Leventis cites the “modest inventories of homes available for sale” as a major factor in the first-quarter increase.
While the rose 1.3 percent over the quarter, first-quarter prices were 6.6 percent higher than prices recorded in the first quarter of last year, according to FHFA. This compares to just 0.8 percent growth in the price of other goods and services.
When adjusted for inflation, first-quarter home prices are 5.7 percent higher than they were one year ago.
Home prices rose in 42 states and the District of Columbia over the first quarter of the year.
On an annual basis, only one state posted a price decline over the year in March—Vermont, with a 1.24 percent decline.
Nevada ranked highest for annual price appreciation in March, with a 20.96 percent rise. The District of Columbia (19.78 percent) ranked second, followed by California (15.78 percent), Arizona (14.72 percent), and Florida (10.65 percent).
Among the nine Census divisions, FHFA noted “substantive decelerations” in prices over the past year in the two divisions that posted the greatest price gains over the previous year.
In the Pacific division, prices increased 12.4 percent over the year in March after posting a 15.8 percent gain over the year in March 2013.

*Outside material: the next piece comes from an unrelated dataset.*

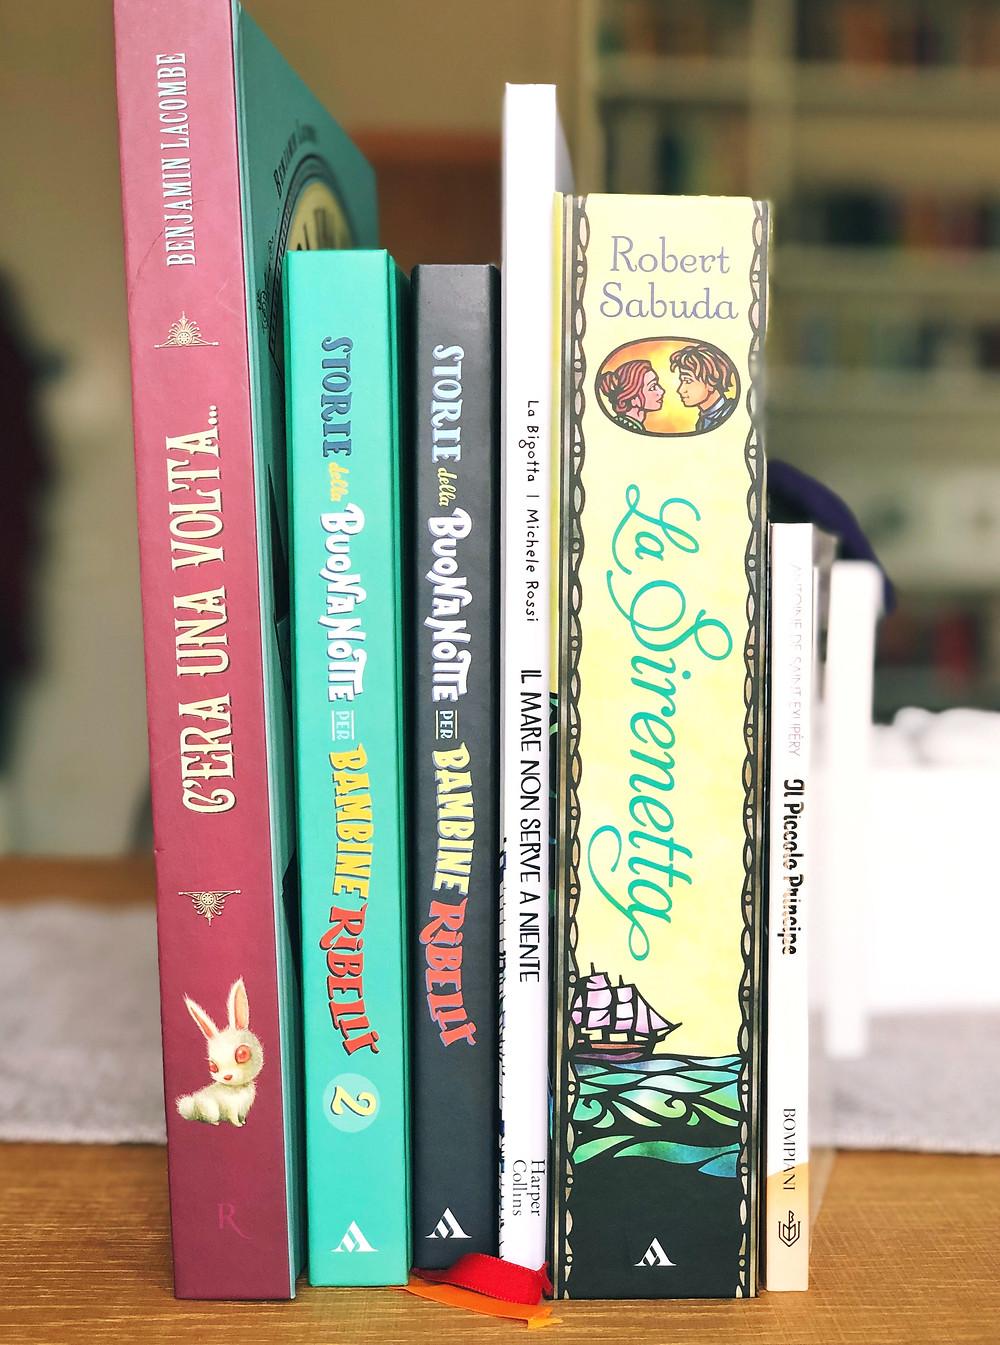 La Pesce Comunica consiglia alcuni libri per bambini

In the Mountain division, prices increased 9.8 percent over the year in March, down from a 14 percent gain a year earlier.
The smallest price gain was recorded in the Middle Atlantic division, where prices rose 2 percent. This price gain matches that of a year ago. No division posted a decline in prices over the year in March.
Of the 100 largest metropolitan areas, the Charleston metro posted the greatest price gain compared to last year’s first quarter: 10.7 percent.
The lowest price increase took place in the New Orleans metro area, where prices declined 2.6 percent over the year.
FHFA also tracks “distress-free” home prices in 12 large metros, which excludes sales of bank-owned properties and short sales. In nine of the 12, the distress-free index reported lower price appreciation than the traditional purchase-only indexes.
The agency’s index came out the same day as the Case-Shiller Home Price Indices, which showed prices up 12.4 percent in 20 of the nation’s biggest markets—a slight cut from a 12.9 percent increase recorded in February.